Last week, I spoke to Kate Andersen, an academic from the University of York who specialises in women’s experiences of work and the benefits system. The government’s plans for parents, she told me, “very much say that your primary contribution in society is to undertake paid work – and if you’re not doing that, you’re a lesser citizen. It really undervalues how important unpaid care is to human flourishing, and the relational values of love involved in care.” This is not, just to be clear, the kind of argument voiced last week by the Tory MP George Eustice, when he talked about women being “biologically wired” for a “natural nurturing role”. In principle, it could just as easily be applied to male caregivers. The point is that in the most fundamental sense, there has to be more to life than paid work. Andersen sent me excerpts from her interviews with people who had been subject to the kind of compulsory “job search” regimes that the government seems to be set on expanding, spending endless, usually futile hours looking for work and applying for jobs. One quoted an unnamed mother who wanted to emphasise “things that are really important like being able to read with [children] after school and being able to go out and buy them a pair of shoes because you’ve got time.
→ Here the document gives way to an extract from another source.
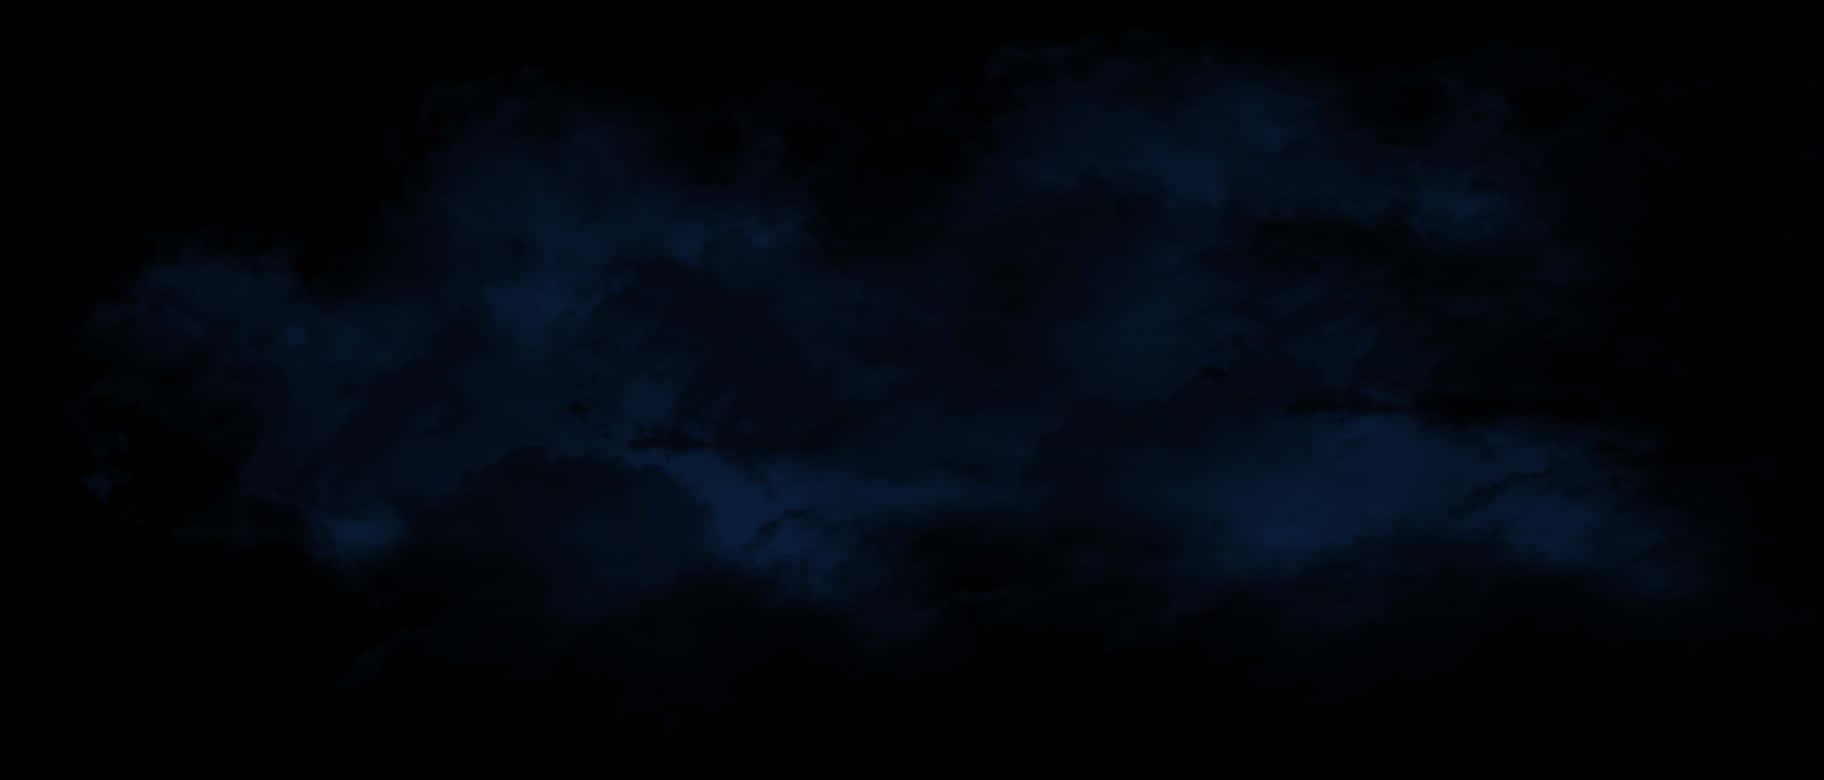 A Dark Blue Smoke On A Black Background

Those things are not seen as important … [but] they are important.” They really are. So are our responsibilities to older relatives and friends – which, as we confront the realities of an increasingly ageing society, will become equally inescapable. One of the key social questions of the 21st century will be simple: who will have time for caring? In the depths of lockdown, millions of people thought about exactly that issue. The fact that the government is now offering only the cruellest, most class-based of answers speaks volumes about how little they understand the future.